It's OK to fix AFS too.
Xiubo Li July 4, 2022, 2:40 a.m. UTC | #4
On 7/4/22 10:10 AM, Matthew Wilcox wrote:
> On Mon, Jul 04, 2022 at 09:13:44AM +0800, Xiubo Li wrote:
>> On 7/1/22 6:38 PM, Jeff Layton wrote:
>>> I don't know here... I think it might be better to just expect that when
>>> this function returns an error that the folio has already been unlocked.
>>> Doing it this way will mean that you will lock and unlock the folio a
>>> second time for no reason.
>>>
>>> Maybe something like this instead?
>>>
>>> diff --git a/fs/netfs/buffered_read.c b/fs/netfs/buffered_read.c
>>> index 42f892c5712e..8ae7b0f4c909 100644
>>> --- a/fs/netfs/buffered_read.c
>>> +++ b/fs/netfs/buffered_read.c
>>> @@ -353,7 +353,7 @@ int netfs_write_begin(struct netfs_inode *ctx,
>>>                           trace_netfs_failure(NULL, NULL, ret, netfs_fail_check_write_begin);
>>>                           if (ret == -EAGAIN)
>>>                                   goto retry;
>>> -                       goto error;
>>> +                       goto error_unlocked;
>>>                   }
>>>           }
>>> @@ -418,6 +418,7 @@ int netfs_write_begin(struct netfs_inode *ctx,
>>>    error:
>>>           folio_unlock(folio);
>>>           folio_put(folio);
>>> +error_unlocked:
>>>           _leave(" = %d", ret);
>>>           return ret;
>>>    }
>> Then the "afs" won't work correctly:
>>
>> 377 static int afs_check_write_begin(struct file *file, loff_t pos, unsigned
>> len,
>> 378                                  struct folio *folio, void **_fsdata)
>> 379 {
>> 380         struct afs_vnode *vnode = AFS_FS_I(file_inode(file));
>> 381
>> 382         return test_bit(AFS_VNODE_DELETED, &vnode->flags) ? -ESTALE : 0;
>> 383 }
>>
>> The "afs" does nothing with the folio lock.
> It's OK to fix AFS too.
>
Okay, will fix it. Thanks!

-- Xiubo
Xiubo Li July 4, 2022, 6:58 a.m.
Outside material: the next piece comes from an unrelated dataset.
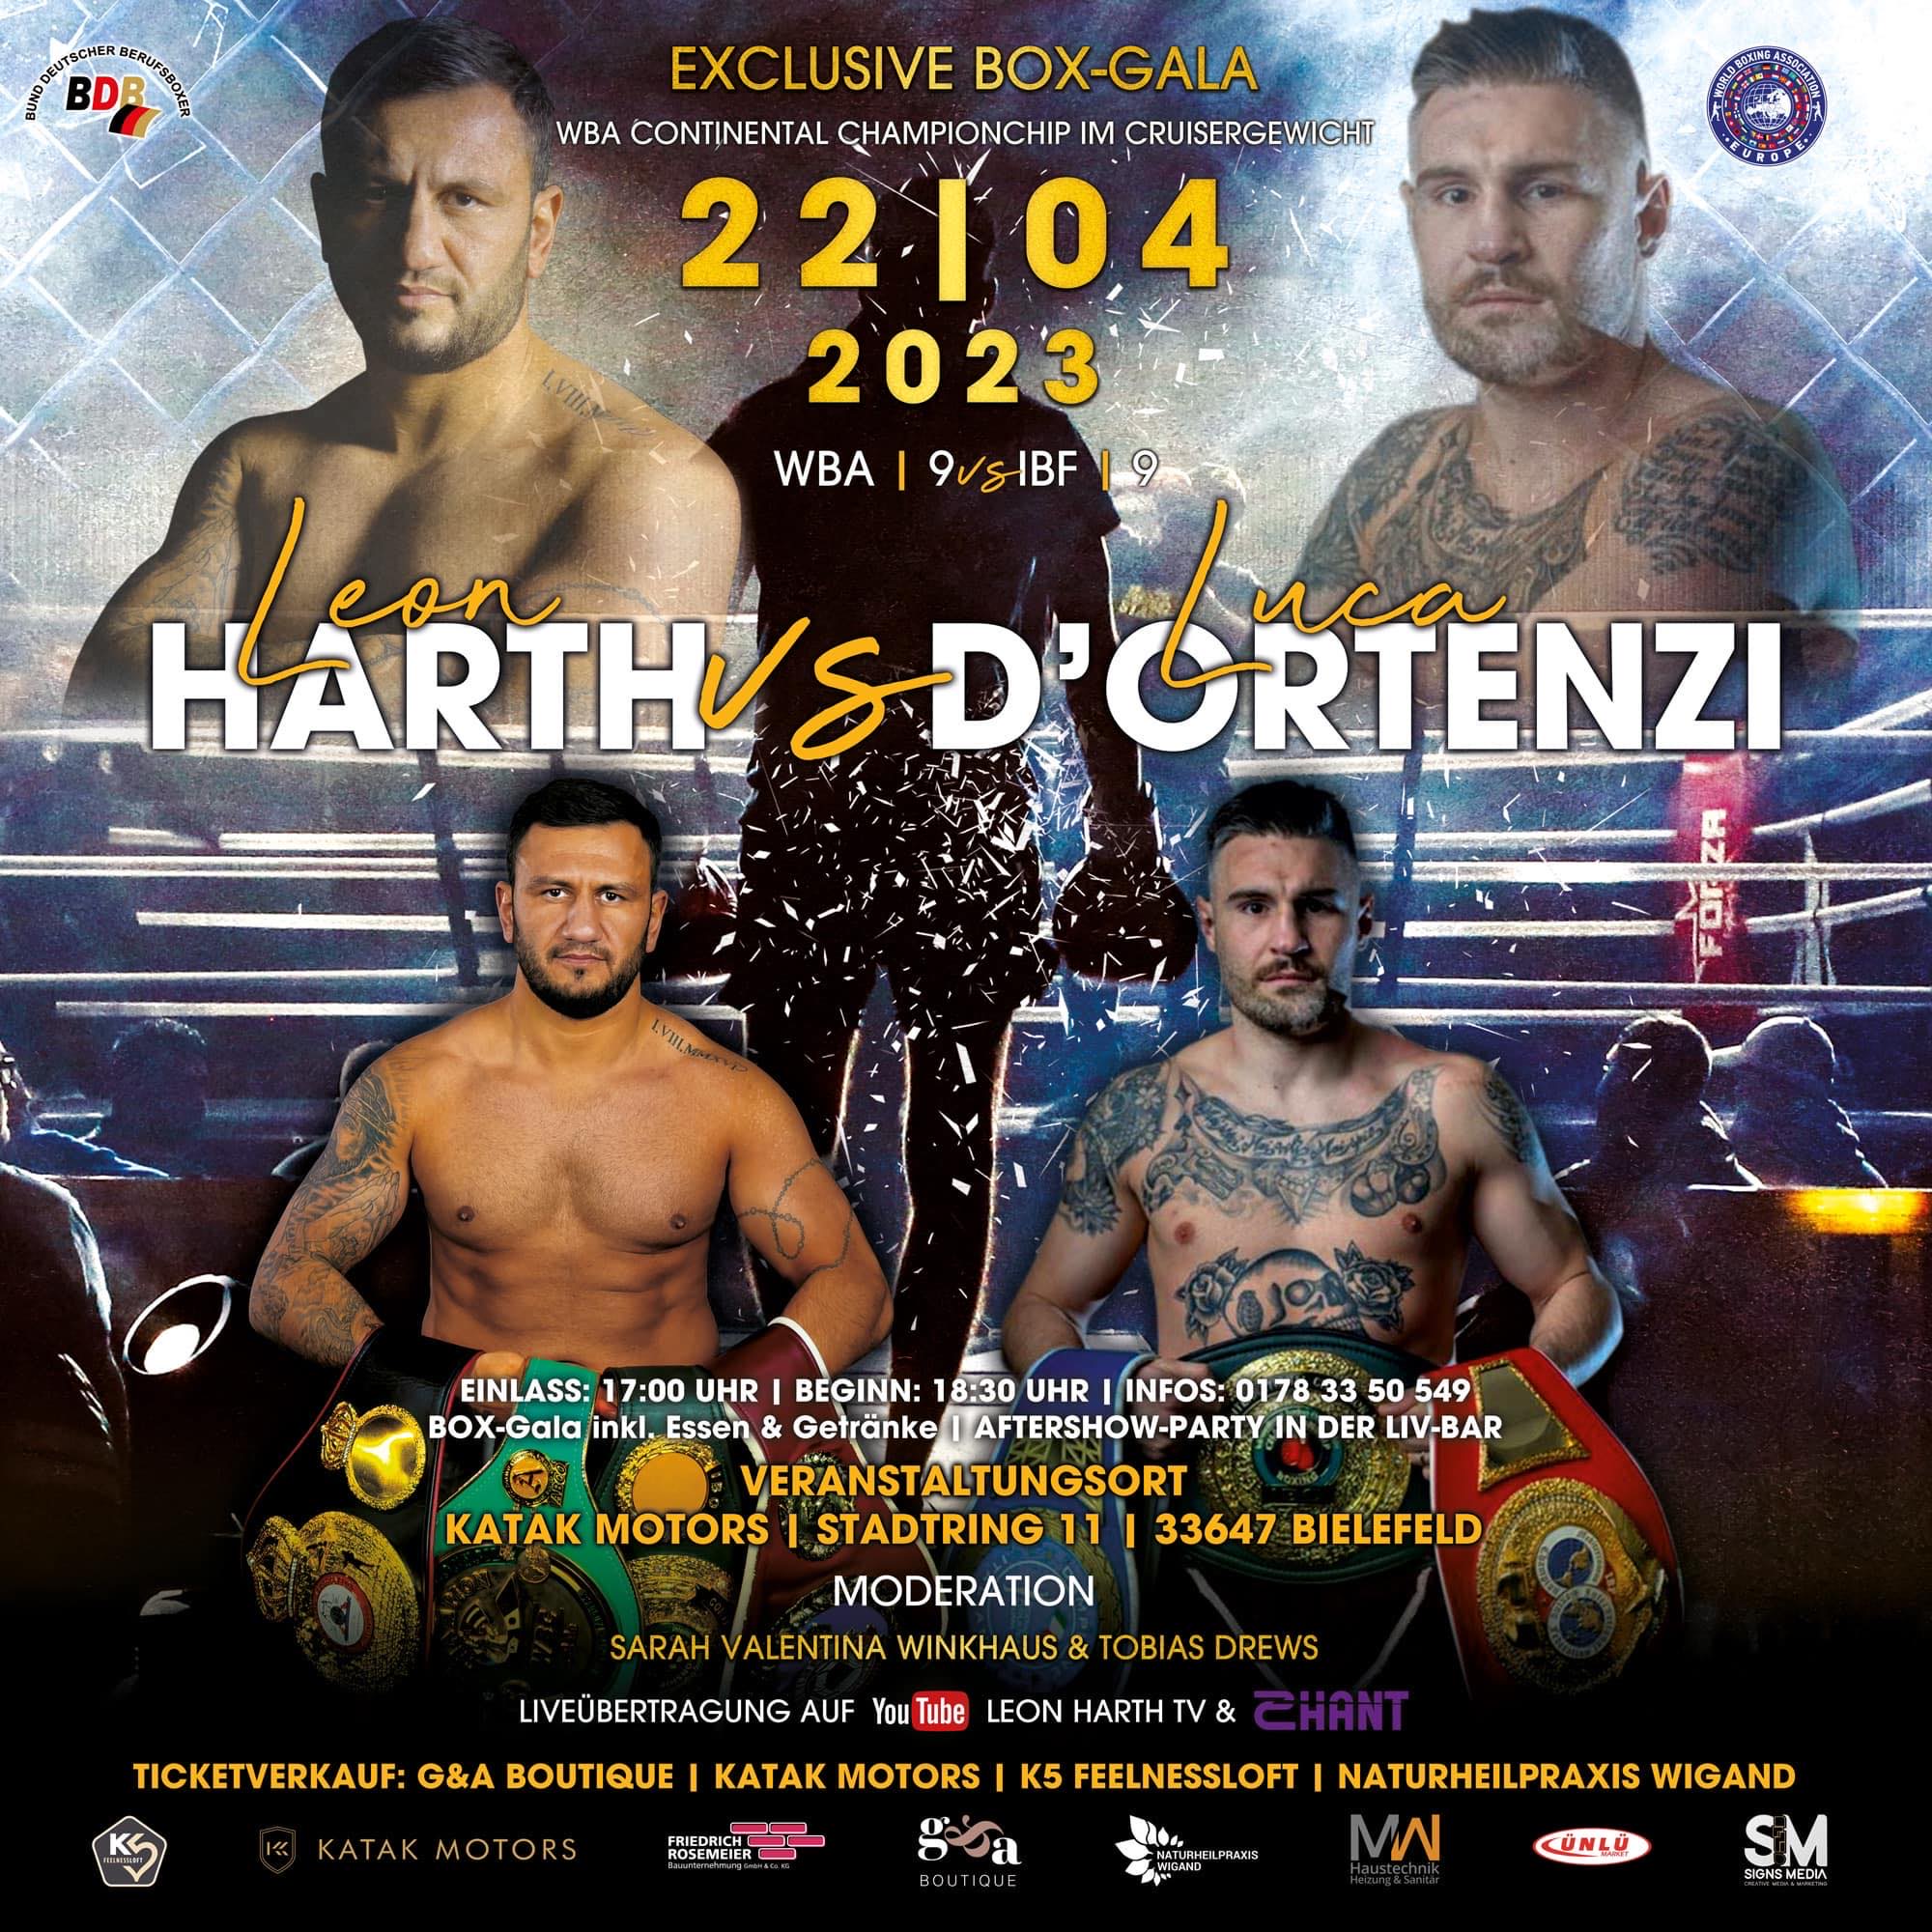 Il 22 aprile a Bielefeld (Germania) D'Ortenzi vs Hart per il titolo WBA continentale Cruiser

UTC | #5
On 7/1/22 6:38 PM, Jeff Layton wrote:
> On Fri, 2022-07-01 at 10:29 +0800, xiubli@redhat.com wrote:
>> From: Xiubo Li <xiubli@redhat.com>
>>
>> The lower layer filesystem should always make sure the folio is
>> locked and do the unlock and put the folio in netfs layer.
>>
>> URL: https://tracker.ceph.com/issues/56423
>> Signed-off-by: Xiubo Li <xiubli@redhat.com>
>> ---
>>   fs/netfs/buffered_read.c | 5 ++++-
>>   1 file changed, 4 insertions(+), 1 deletion(-)
>>
>> diff --git a/fs/netfs/buffered_read.c b/fs/netfs/buffered_read.c
>> index 42f892c5712e..257fd37c2461 100644
>> --- a/fs/netfs/buffered_read.c
>> +++ b/fs/netfs/buffered_read.c
>> @@ -351,8 +351,11 @@ int netfs_write_begin(struct netfs_inode *ctx,
>>   		ret = ctx->ops->check_write_begin(file, pos, len, folio, _fsdata);
>>   		if (ret < 0) {
>>   			trace_netfs_failure(NULL, NULL, ret, netfs_fail_check_write_begin);
>> -			if (ret == -EAGAIN)
>> +			if (ret == -EAGAIN) {
>> +				folio_unlock(folio);
>> +				folio_put(folio);
>>   				goto retry;
>> +			}
>>   			goto error;
>>   		}
>>   	}
> I don't know here... I think it might be better to just expect that when
> this function returns an error that the folio has already been unlocked.
> Doing it this way will mean that you will lock and unlock the folio a
> second time for no reason.
>
> Maybe something like this instead?
>
> diff --git a/fs/netfs/buffered_read.c b/fs/netfs/buffered_read.c
> index 42f892c5712e..8ae7b0f4c909 100644
> --- a/fs/netfs/buffered_read.c
> +++ b/fs/netfs/buffered_read.c
> @@ -353,7 +353,7 @@ int netfs_write_begin(struct netfs_inode *ctx,
>                          trace_netfs_failure(NULL, NULL, ret, netfs_fail_check_write_begin);
>                          if (ret == -EAGAIN)
>                                  goto retry;
> -                       goto error;
> +                       goto error_unlocked;
>                  }
>          }
>   
> @@ -418,6 +418,7 @@ int netfs_write_begin(struct netfs_inode *ctx,
>   error:
>          folio_unlock(folio);
>          folio_put(folio);
> +error_unlocked:

Should we also put the folio in ceph and afs ? Won't it introduce 
something like use-after-free bug ?

Maybe we should unlock it in ceph and afs and put it in netfs layer.

-- Xiubo



>          _leave(" = %d", ret);
>          return ret;
>   }
>
David Howells July 5, 2022, 1:21 p.m. UTC | #6
Jeff Layton <jlayton@kernel.org> wrote:

> I don't know here... I think it might be better to just expect that when
> this function returns an error that the folio has already been unlocked.
> Doing it this way will mean that you will lock and unlock the folio a
> second time for no reason.

I seem to remember there was some reason you wanted the folio unlocking and
putting.  I guess you need to drop the ref to flush it.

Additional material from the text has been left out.